AI coding agents need precise context to select the correct architectural components on complex enterprise platforms. The Databricks Docs MCP server provides agents with up-to-date documentation, architectural templates, and API references, preventing guesswork and hallucinations. This direct access ensures agents can accurately choose between tools like an OLTP database or a vector search index. Databricks Agent Skills are instruction files installed via databricks experimental aitools install that guide coding agents toward the correct patterns and APIs when building on the platform. Skills do not provision products themselves — Lakebase, Agent Bricks, and other resources are still provisioned through the Databricks CLI or UI — but they ensure agents apply best practices and platform specifications throughout the development workflow. All resulting actions are governed by Unity Catalog, ensuring security and compliance.

When to use it

  • Developing enterprise generative AI applications where agents need to build on specific data and AI infrastructure.
  • Automating resource provisioning and configuration through coding agents.
  • Ensuring AI agents adhere to internal architectural standards and use correct APIs.
  • Requiring strict governance and audibility for AI agent actions and data access.

When not to use it

  • For simple, isolated coding tasks that do not require complex platform integrations or access to enterprise data.
  • When working with platforms that lack native MCP server support or robust agent skill frameworks.
  • When rapid prototyping without governance or specific architectural adherence is the primary goal.
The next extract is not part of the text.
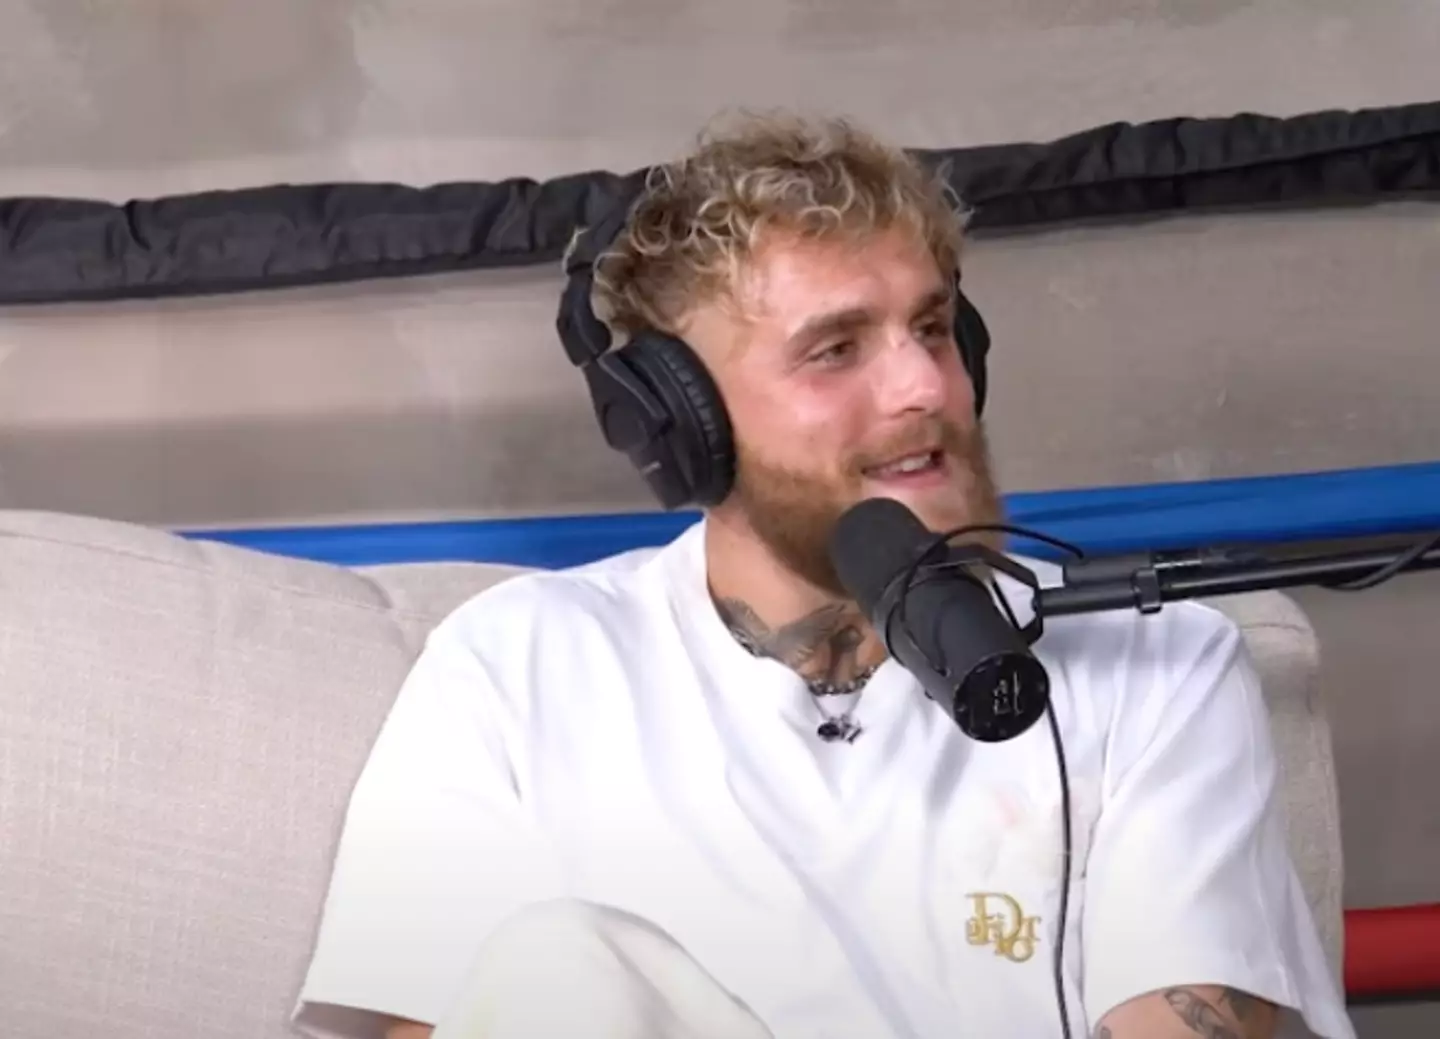 Logan Paul questioned whether his brother's wet dream had an impact on his performance against Fury.

Recommended Databricks stack

  • Databricks Docs MCP server: Provides precise platform documentation and API references to coding agents.
  • Databricks Agent Skills: Instruction files (installed via databricks experimental aitools install) that guide coding agents toward correct platform patterns.
  • Unity Catalog: Governs all data, model, and tool access by agents, ensuring security and auditability.
  • Lakebase: Managed Postgres for operational data and app state.
  • Vector Search: Separate AppKit plugin (vector-search) for vector retrieval.
  • Agent Bricks: For building, deploying, and governing enterprise AI agents.

Related use cases

  • Building internal tools and data applications with AI assistance.
  • Developing RAG applications with secure and governed data access.
  • Automating data engineering workflows using AI agents.
  • Enabling conversational analytics over governed business data with Genie.